All SA measures concern the relationship between a simulator’s inputs and outputs. They generally depend on the whole function \(f\) and implicitly suppose that we know \(f(x)\) for all \(x\). In practice, we can only run the simulator at a limited number of input configurations, and as a result any computation of SA measures must be subject to computation error. The conventional Monte Carlo approach, for instance, involves randomly sampling input values and then running the simulator at each sampled \(x\). Its accuracy can be quantified statistically and reduces as the sample size increases. For large and complex simulators, Monte Carlo may be infeasible because of the amount of computation required. One of the motivations for the MUCM approach is that tasks such as SA can be performed much more efficiently, first building an emulator using a modest number of simulator runs, and then computing the SA measures using the emulator. The computation error is then quantified in terms of code uncertainty.

SA is one of the tasks that we aim to cover in each of the main threads (i.e. core threads, variant threads and generic threads). Each of these threads describes the modelling and building of an emulator for a particular kind of simulator, and each explains how to use that emulator to carry out tasks associated with that simulator. So wherever the procedure for computing SA measures has been worked out for a particular thread, that procedure will be described in that thread. See the page DiscToolkitSensitivityAnalysis for a discussion of which procedures are available in which threads.

Additional comments

Note that although SA is usually presented as being concerned with the relationship between simulator inputs and outputs, the principal purpose of a simulator is to represent a particular real-world phenomenon: it is often built to explore how that real phenomenon behaves and some or all of its inputs represent quantities in the real world. The simulator output \(f(x)\) is intended to predict the value of some aspect of the real phenomenon when the corresponding real quantities take values \(x\). So in principle we may wish to consider SA in which the simulator is replaced by reality. This may be developed in a later version of this toolkit.
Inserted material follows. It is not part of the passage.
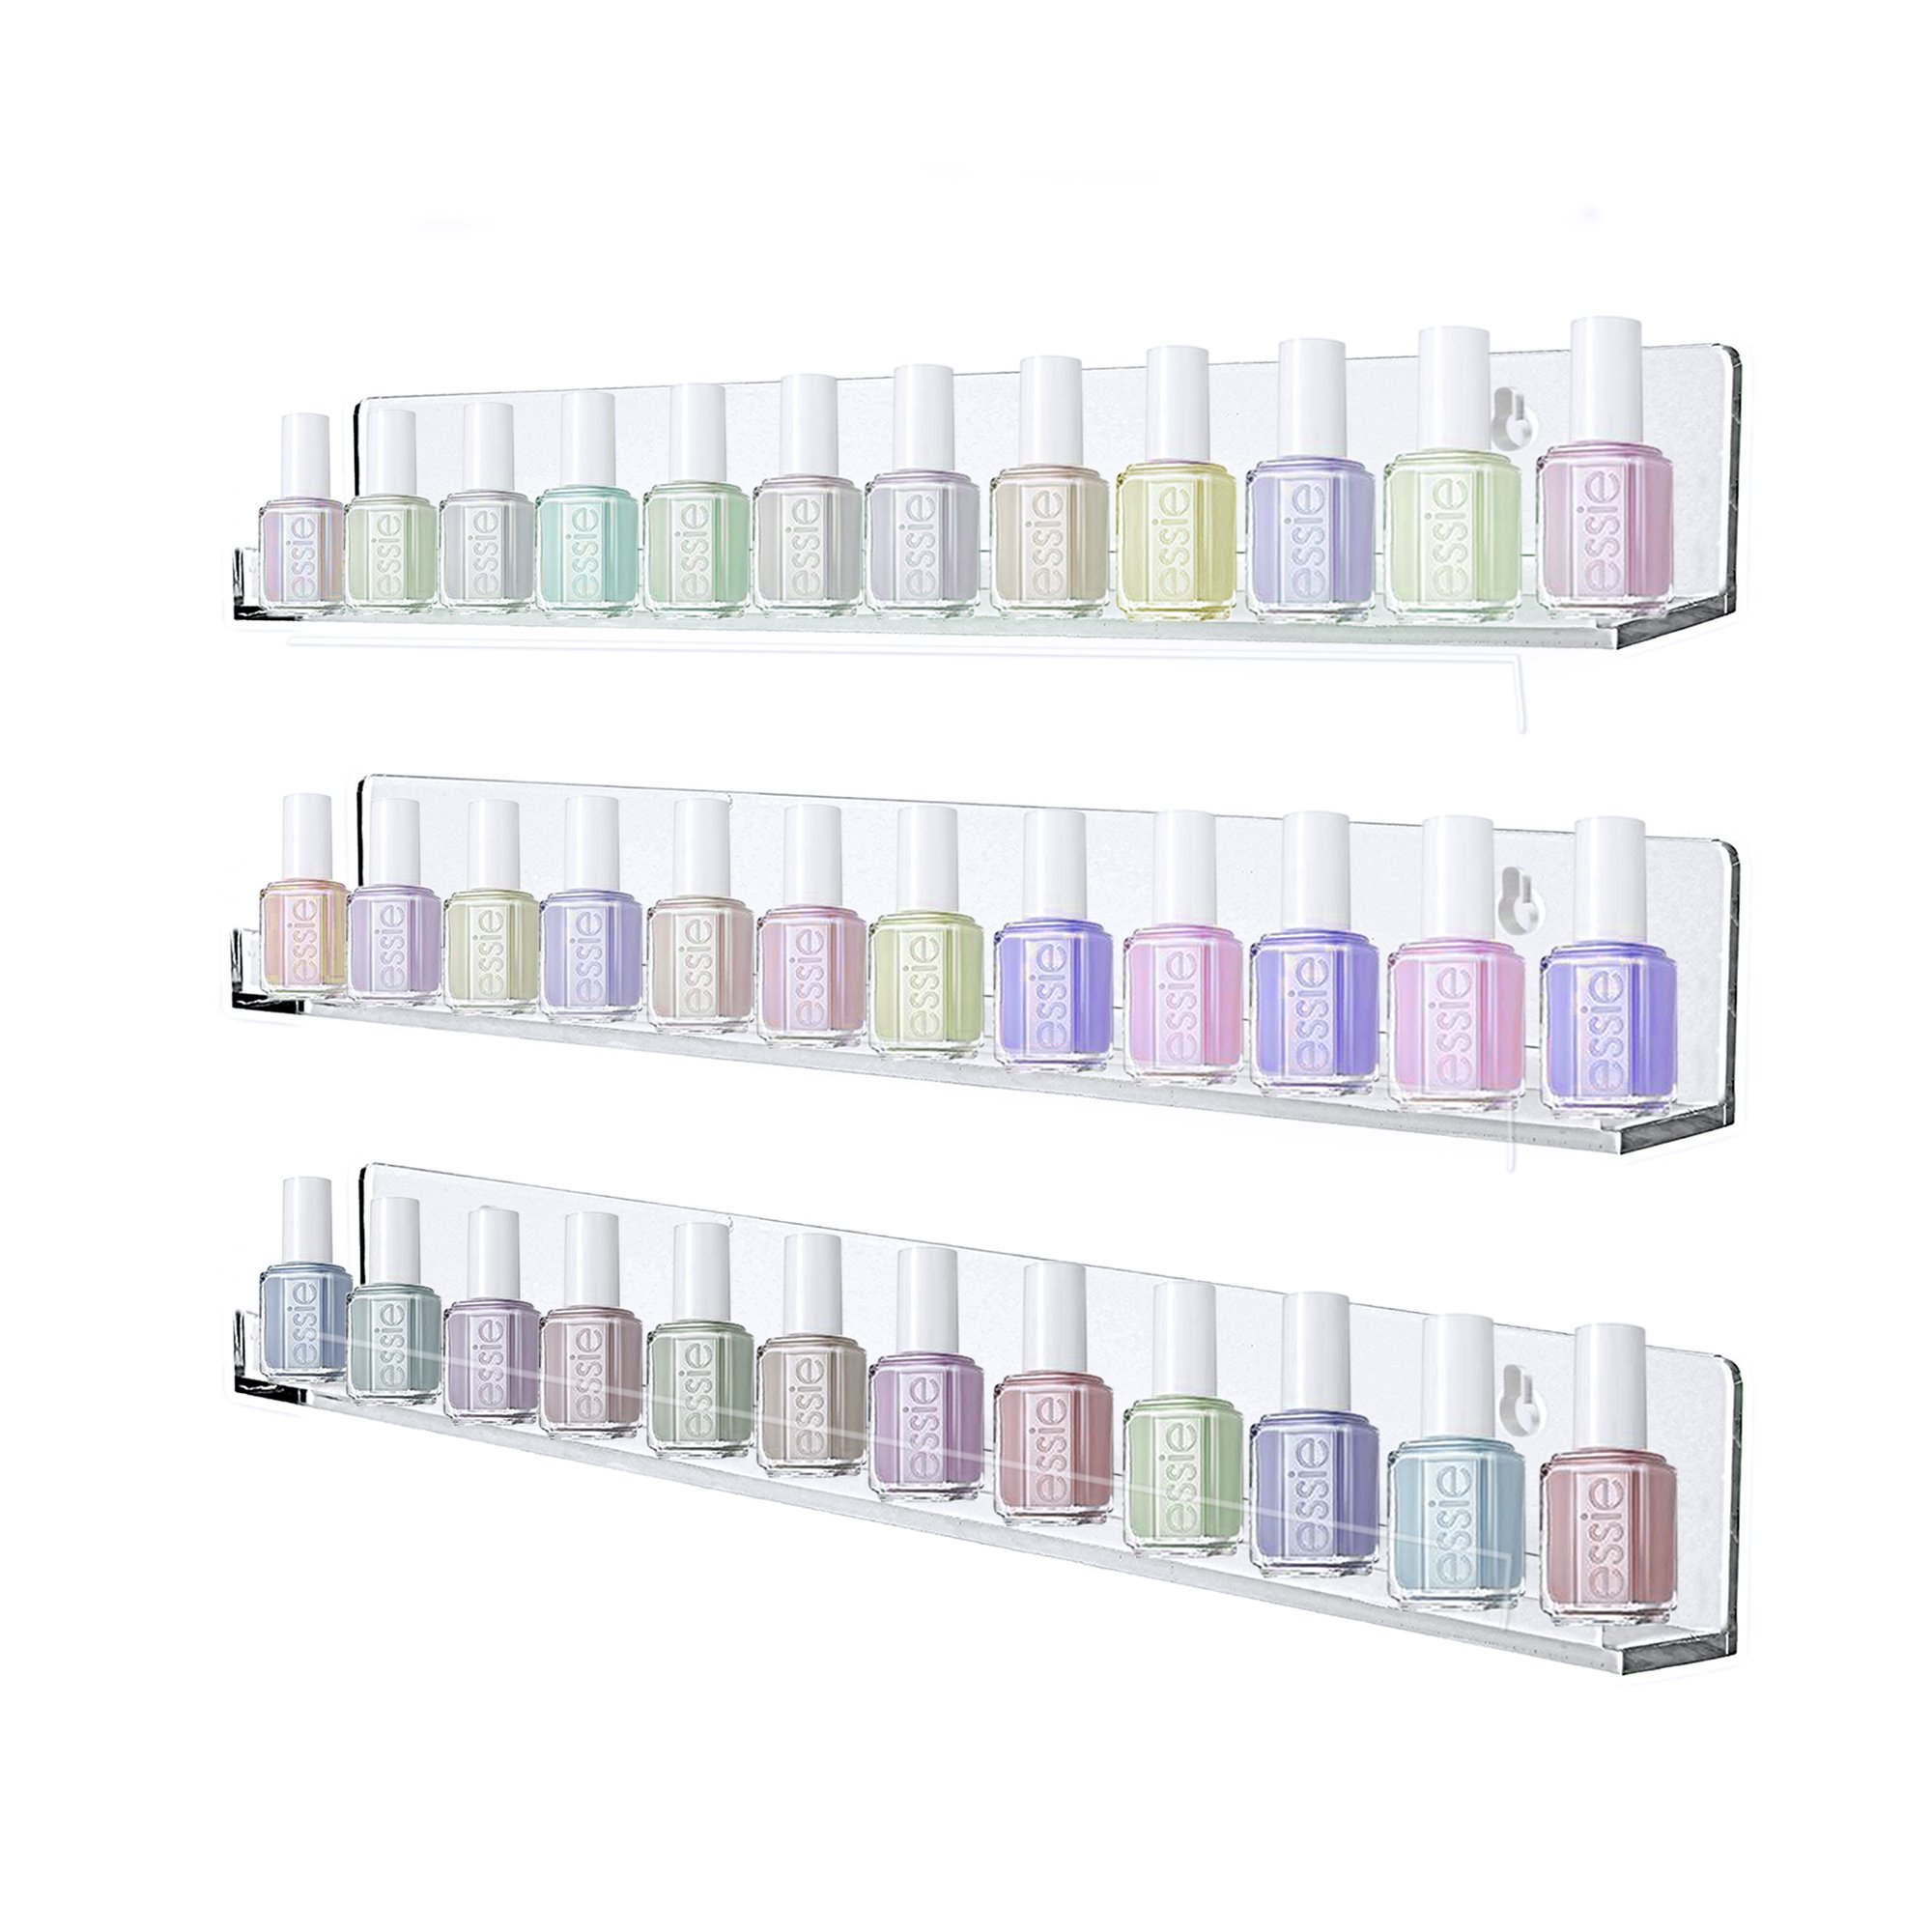 Aifaifa Acrylic Floating Shelf Nail Polish, Lipstick, Essential Oil, Cosmetic Displaying Storage, Set of 3 Shelves Holds up to 45 Bottles Nail Polish

In some application areas, the term “probabilistic sensitivity analysis” is used for what we call uncertainty analysis.

References

Three books are extremely useful guides to the uses of SA in practice, and for non-MUCM methods for computing some of the most important measures.

Saltelli, A., Chan, K. and Scott, E. M. (eds.) (2000). Sensitivity Analysis. Wiley.

Saltelli, A., Tarantola, S., Campolongo, F. and Ratto, M. (2004). Sensitivity Analysis in Practice: A guide to assessing scientific models. Wiley.

Saltelli, A., Ratto, M., Andres, T., Campolongo, F., Cariboni, J., Gatelli, D., Saisana, M. and Tarantola, S. (2008). Global Sensitivity Analysis: The primer. Wiley.

MUCM methods for computing SA measures are based on using emulators. The basic theory was presented in

Oakley, J. E. and O’Hagan, A. (2004). Probabilistic sensitivity analysis of complex models: a Bayesian approach. Journal of the Royal Statistical Society Series B 66, 751-769. (Online)

Whilst the above references are all useful for background information, the toolkit pages present a methodology for efficient SA using emulators that is not published elsewhere in such a comprehensive way.